The essential illness of today’s world is godlessness. Purely natural philosophy without a supernatural dimension is by no means sufficient as medicine, but it can well analyze how human nature has been ravaged over the last 500 years by mankind’s turning away from the true God of supernatural Revelation.
Such a philosopher was the Belgian Marcel de Corte. Born in 1905, his writing career as a philosopher began in the 1930’s with serious studies of the tried and true philosophy of Aristotle, but from World War II onwards he turned his attention more and more closely to the world crumbling around him. He died in 1994.
In his last three full-scale books, “End of a Civilization” (1949), “Man against Man” (1962), and “The Mind in Danger of Death” (1968), he shows a close familiarity with modern poets and thinkers such as Kant, Marx and Nietzsche, but he had not abandoned Aristotle, on the contrary. In the light of that age-old philosophy, illuminated from above by his Catholic Faith, he makes a profound natural diagnosis of the modern illness.
The central point of that diagnosis is that out of the Renaissance dividing Faith from life, and out of the Reformation dividing spirit from flesh, there arose RATIONALISM, in which abstract thinking first spurns, and then returns to crush, concrete human living. That is a deep-down explanation of why we now find ourselves in a world of computers, electronics, technology and science which has less and less understanding of, or sympathy for, flesh-and-blood human beings. However, the man who pretends to be an angel turns into a beast, says the old saying, which is why we observe today the electronics being filled with more and more bestial material.

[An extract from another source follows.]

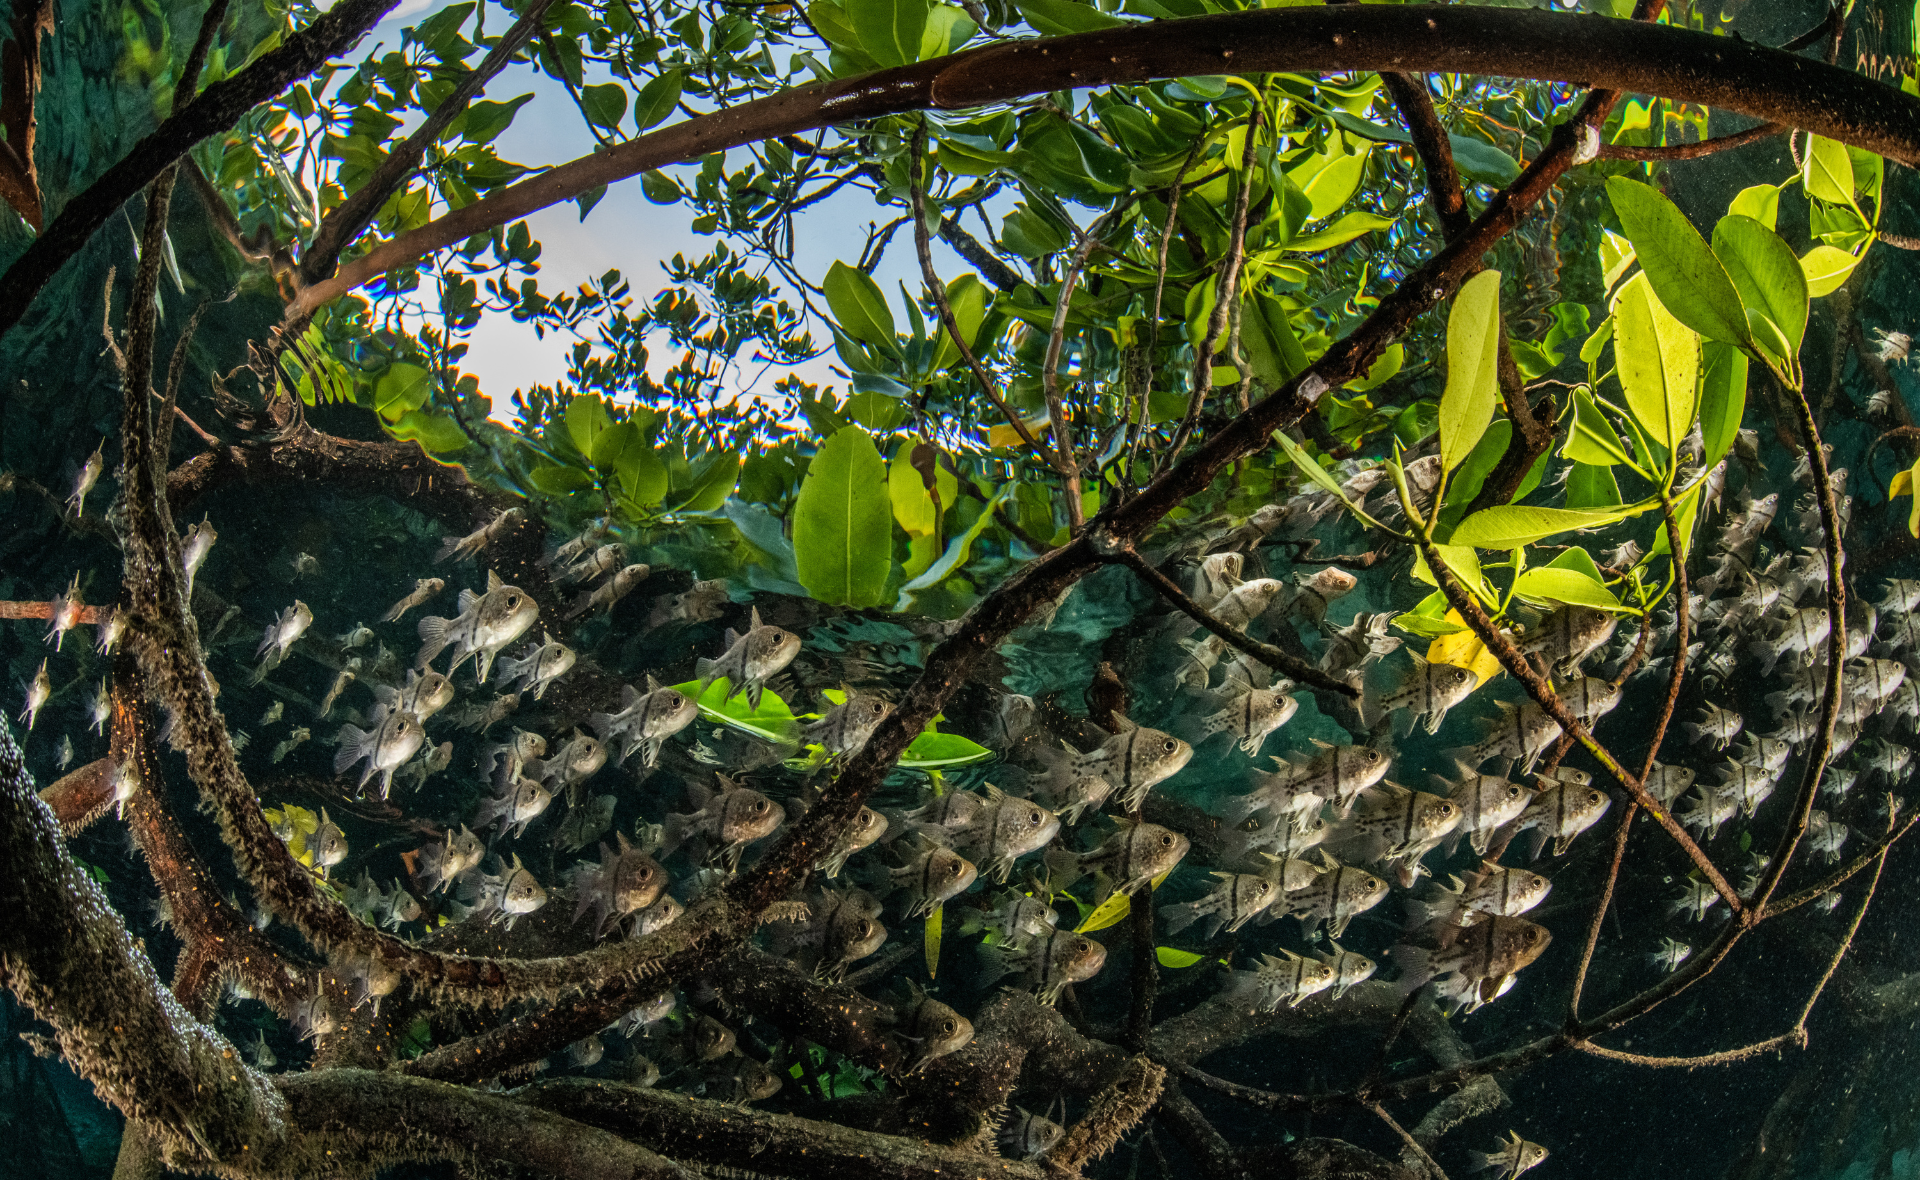 A group of small fish swim among winding mangrove trees with bright green leaves

De Corte’s remedy? To restore the wholeness of man by the humble living of ordinary concrete daily lives, which today, he says, can only be done with the grace of God. And he comes back to “the greatest Saint of modern times” (said Pius XI), St. Therese of Lisieux and her “Little Way.”
God was there first, of course! He gave the solution which the philosopher afterwards understood. May God have mercy upon us.